(Beginning of PROVIDED DATA)
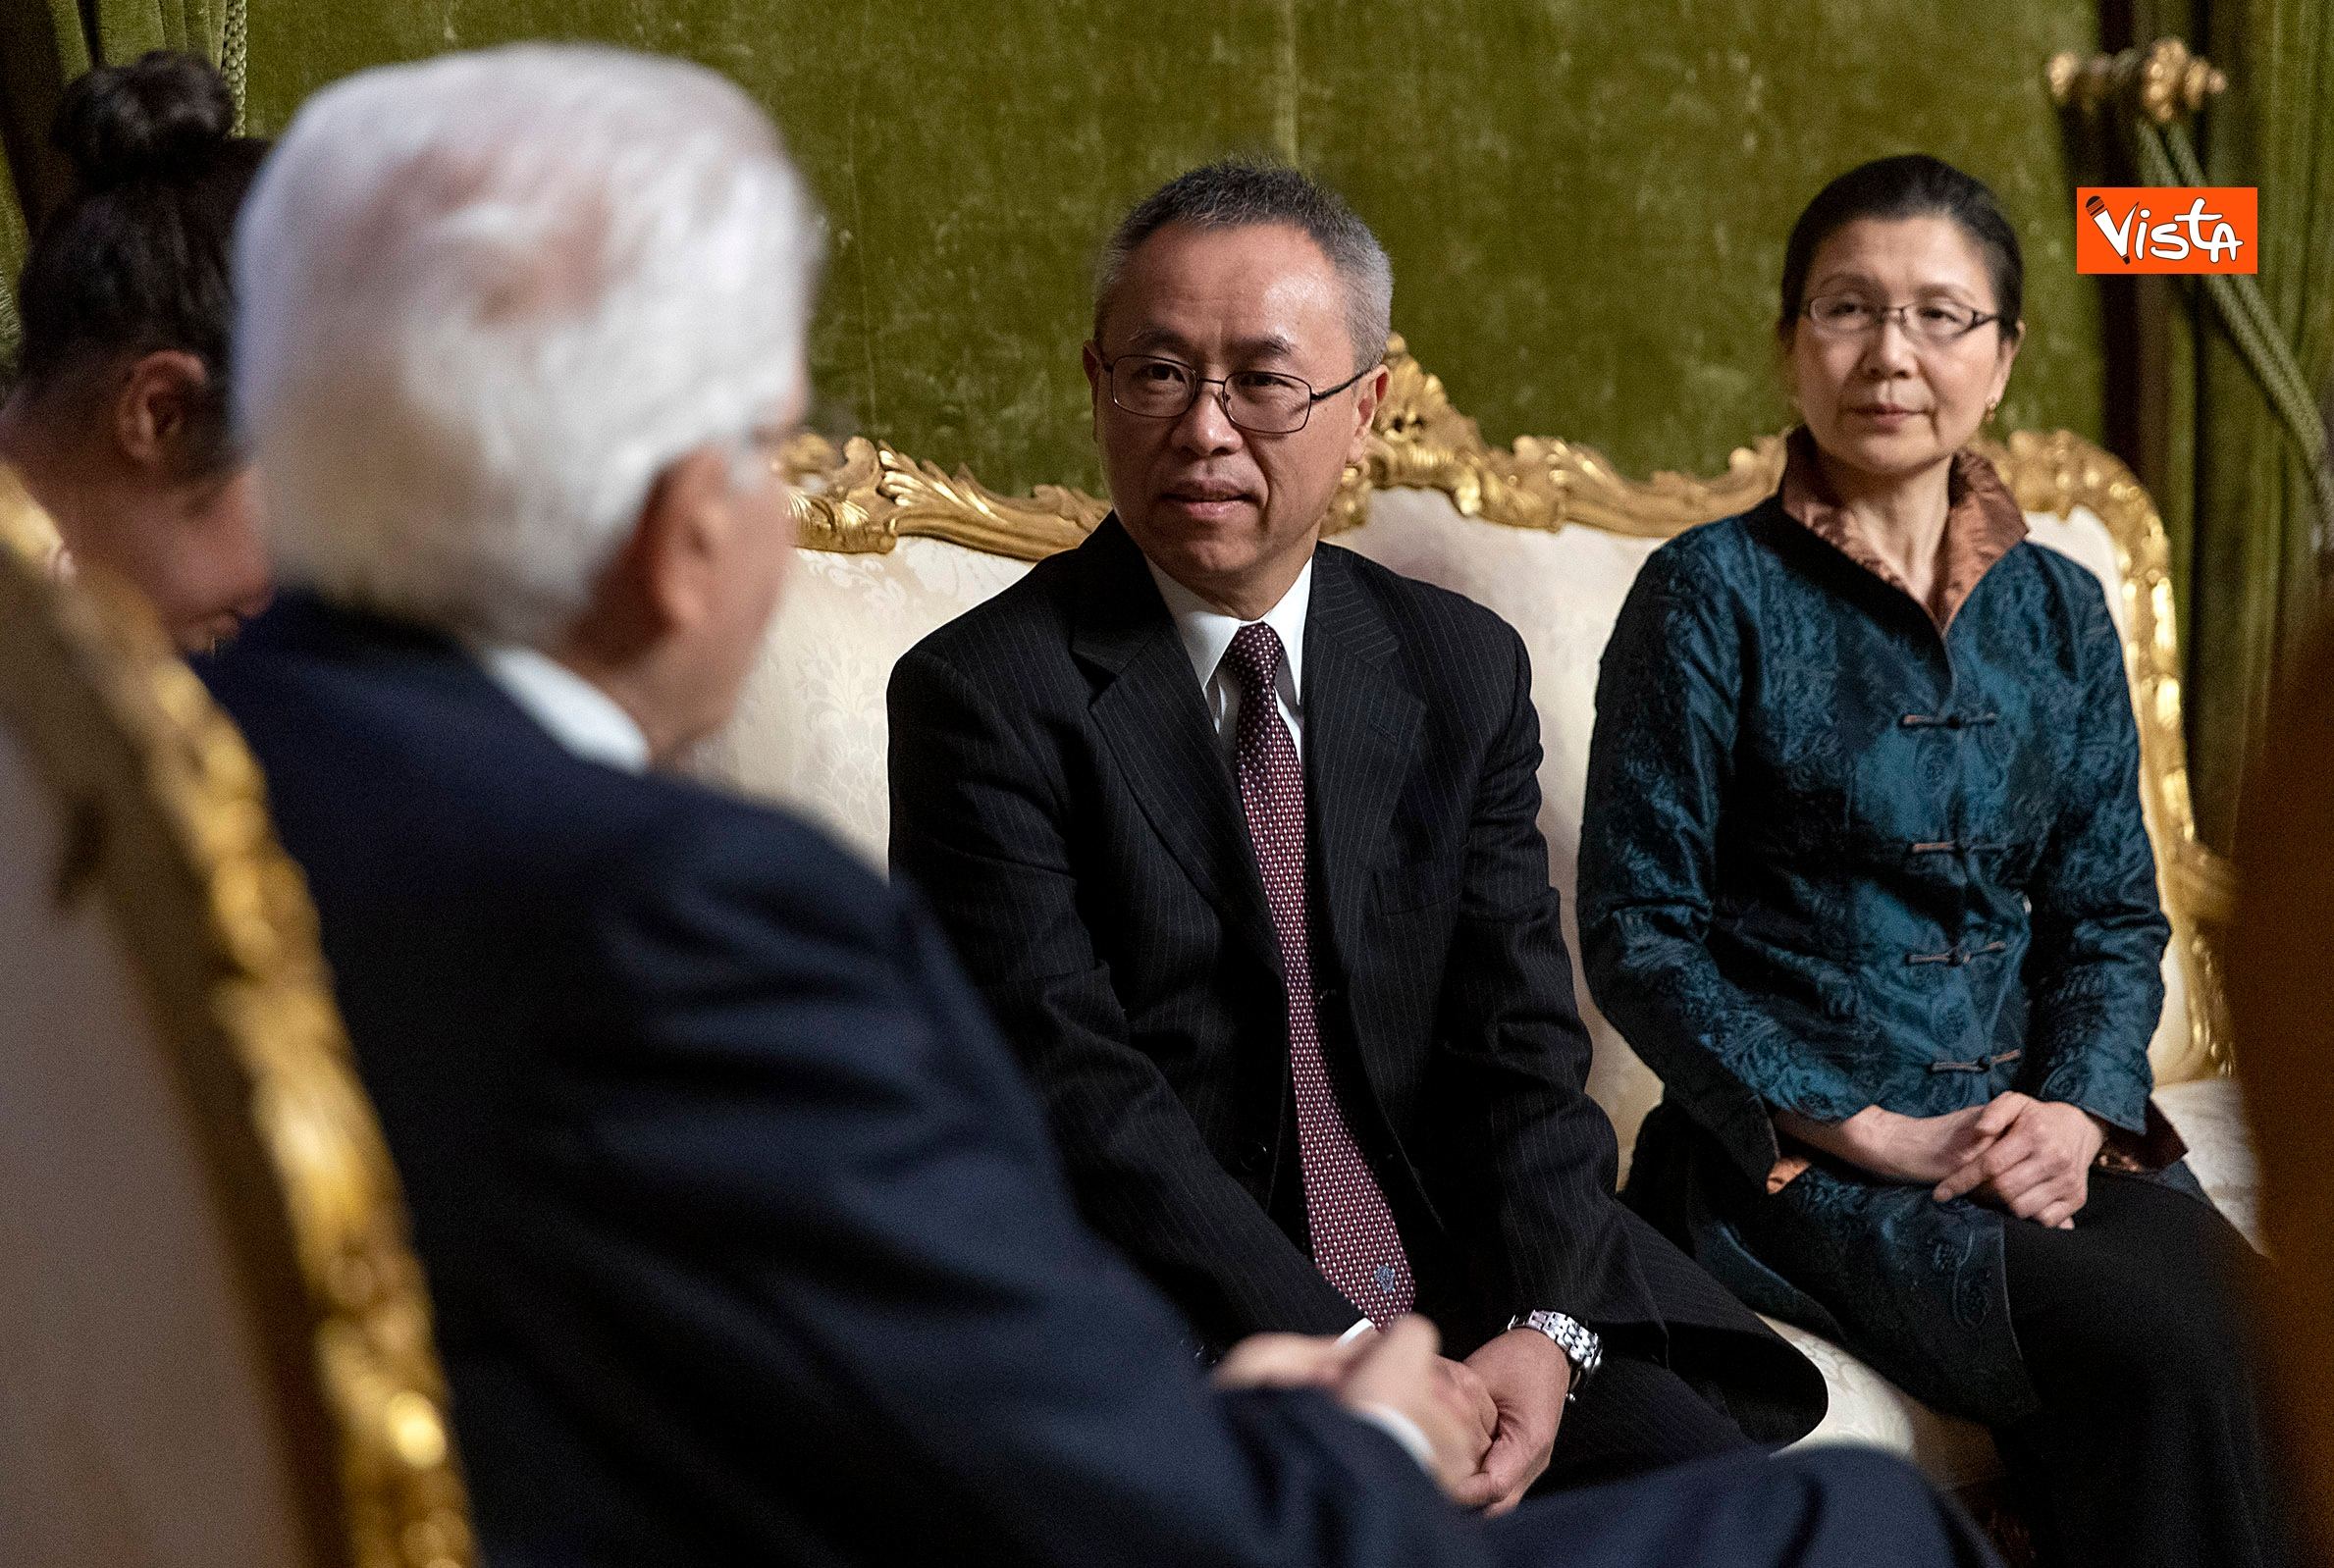 13-02-20 Italia Cina Mattarella incontra ambasciatore cinese in Italia Li Junhua_05
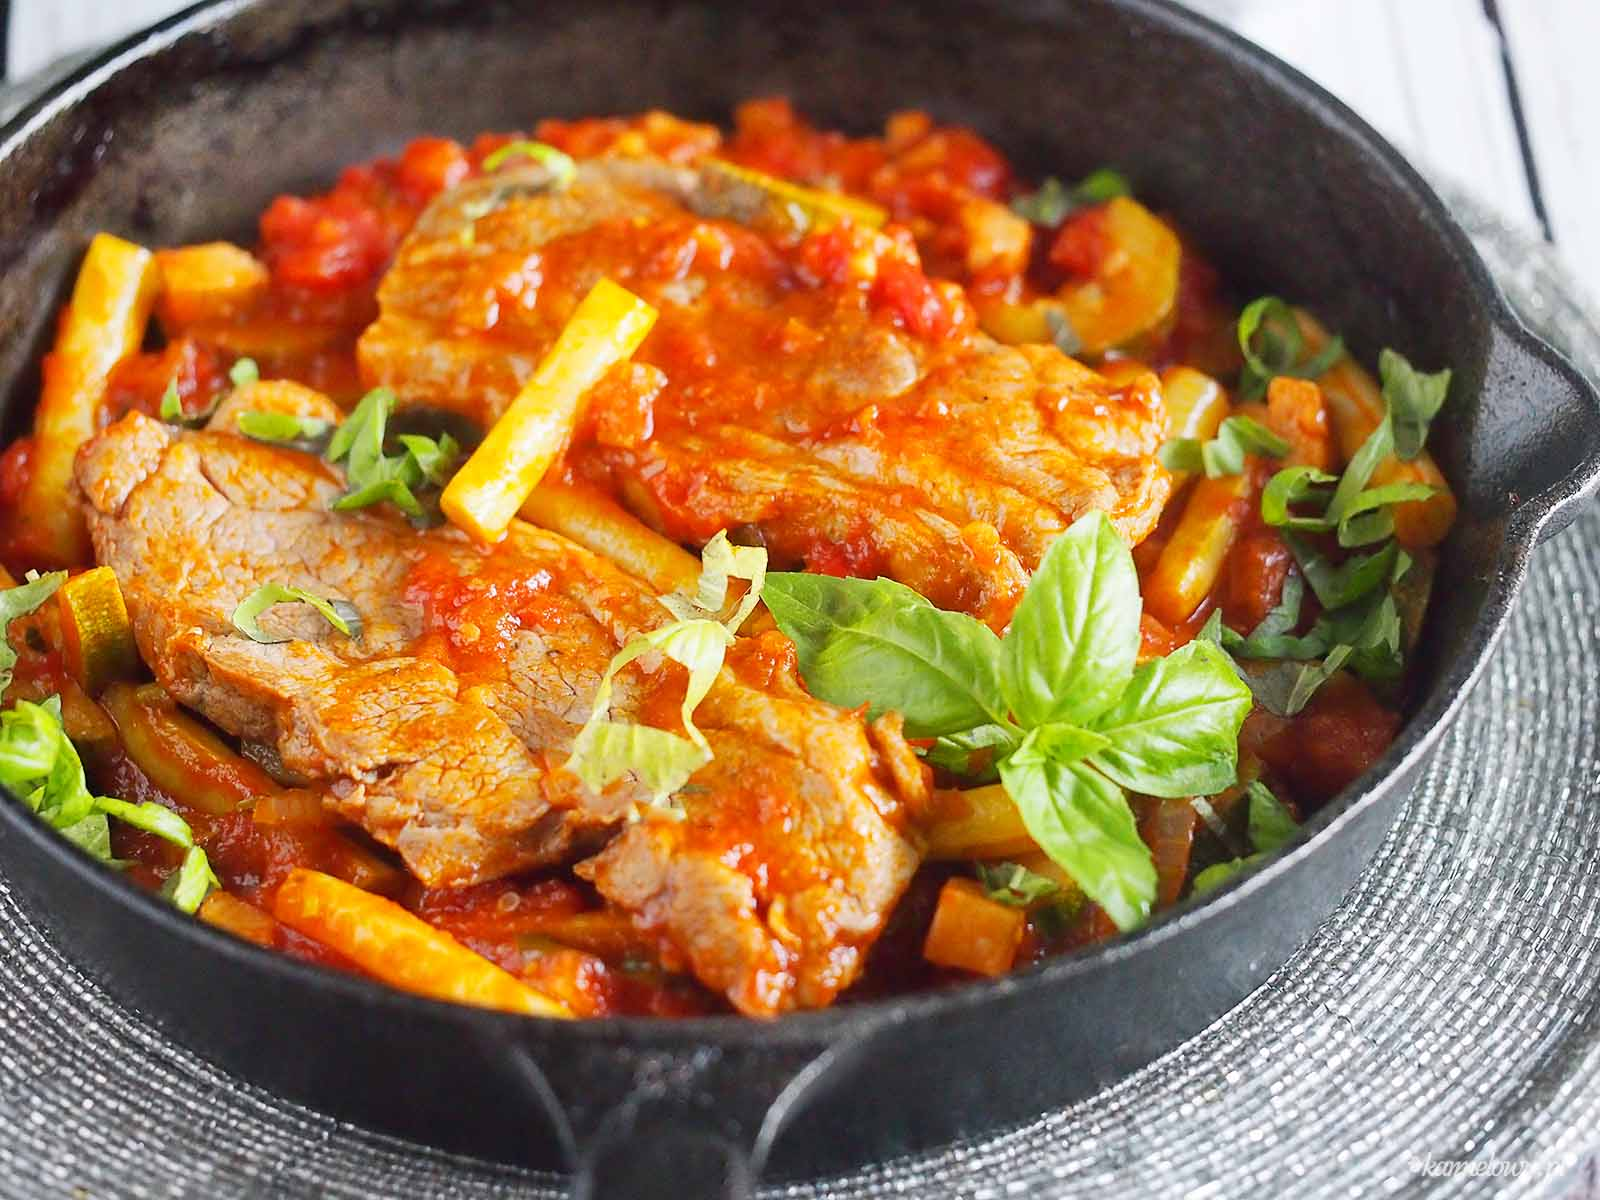 Jagniecina-z-cukinia-i-fasolka-szparagowa-Lamb-with-zucchini-and-green-beans
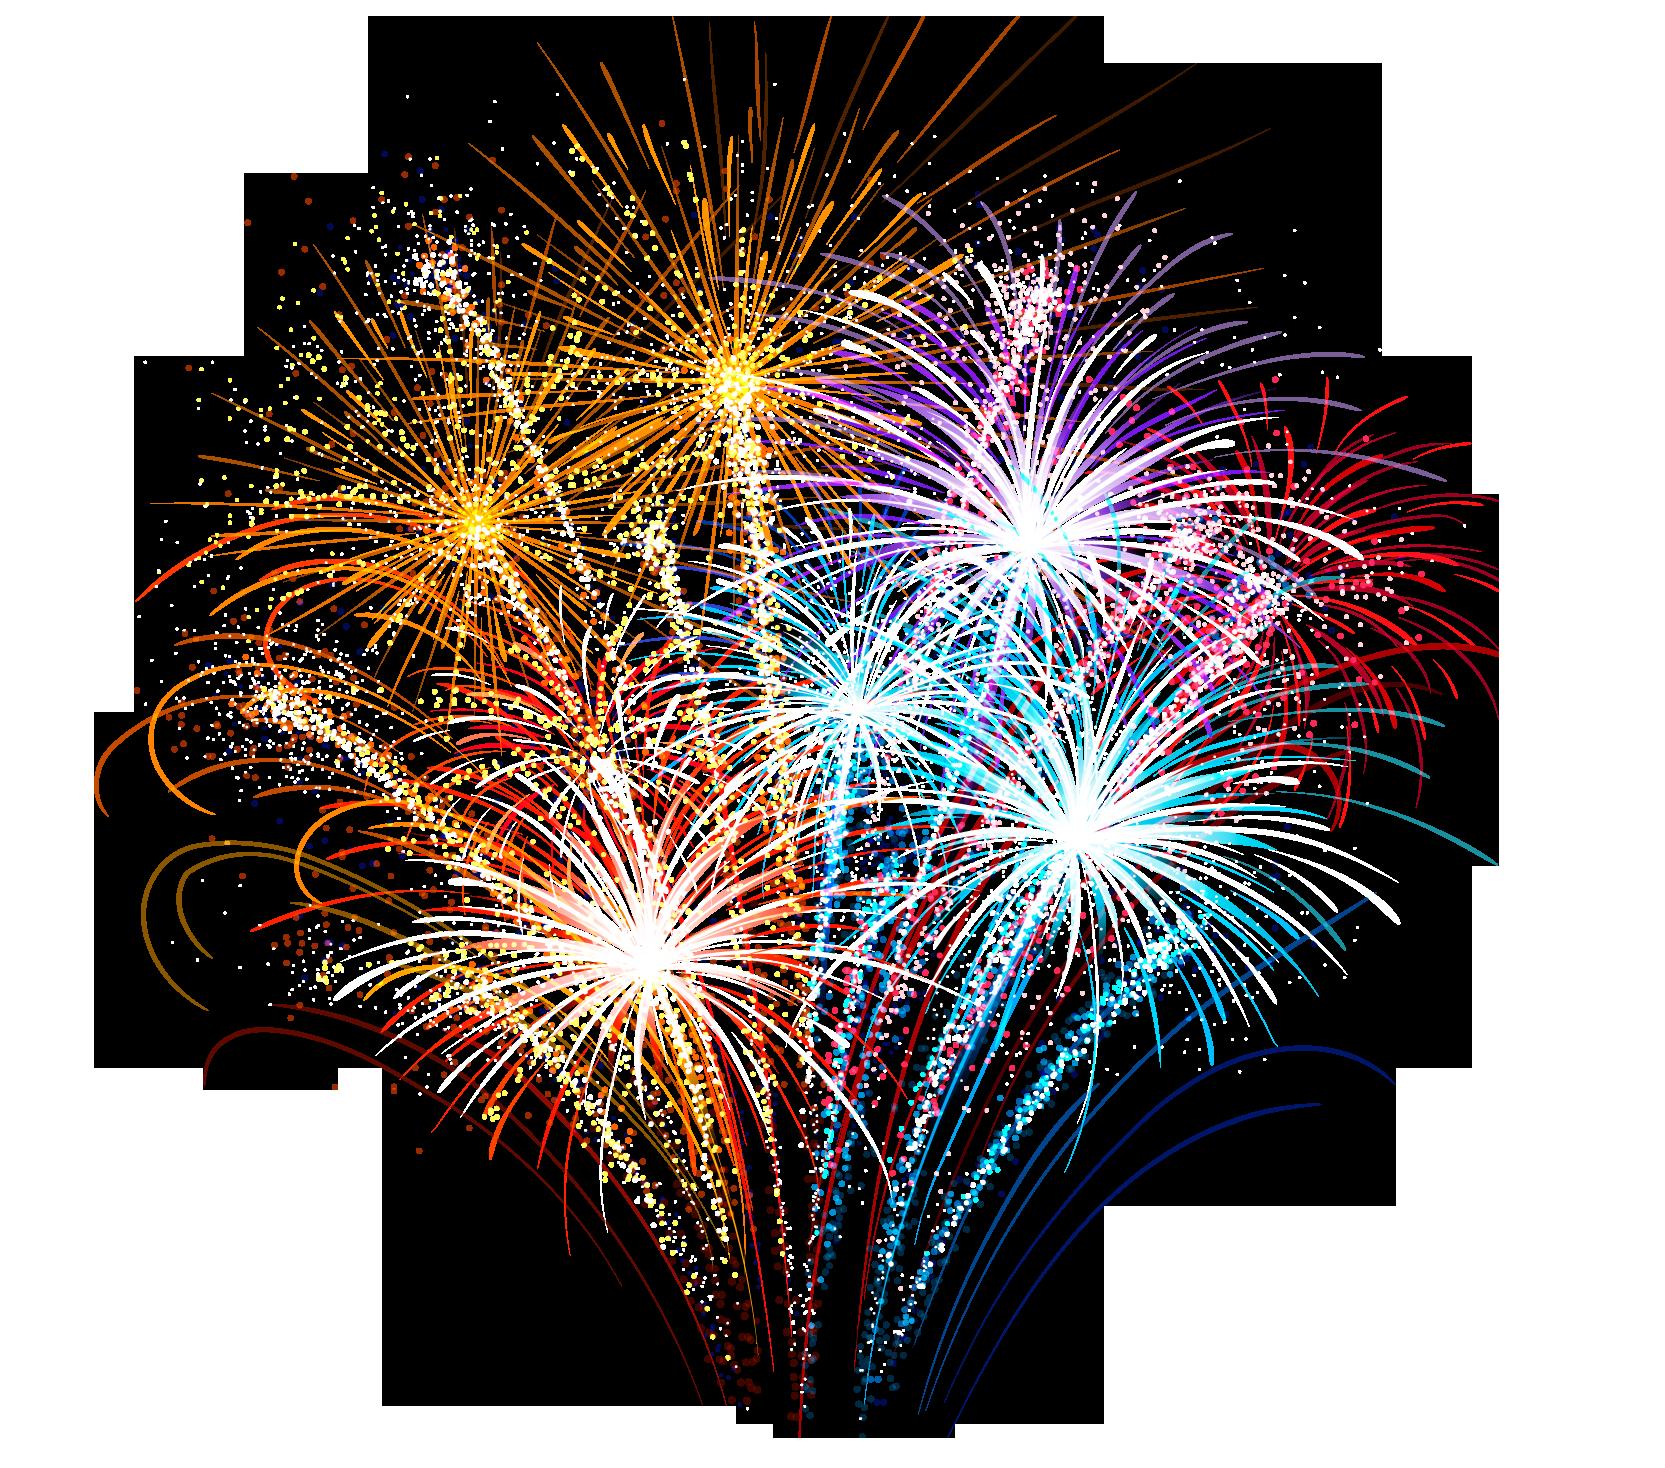 fireworks - Sticker by Blade AKS
(End of PROVIDED DATA)
AIM OF THE EXERCISE
Write out the data exactly, and exclude every picture it holds.

TASK RESULT
 13-02-20 Italia Cina Mattarella incontra ambasciatore cinese in Italia Li Junhua_05
 Jagniecina-z-cukinia-i-fasolka-szparagowa-Lamb-with-zucchini-and-green-beans
 fireworks - Sticker by Blade AKS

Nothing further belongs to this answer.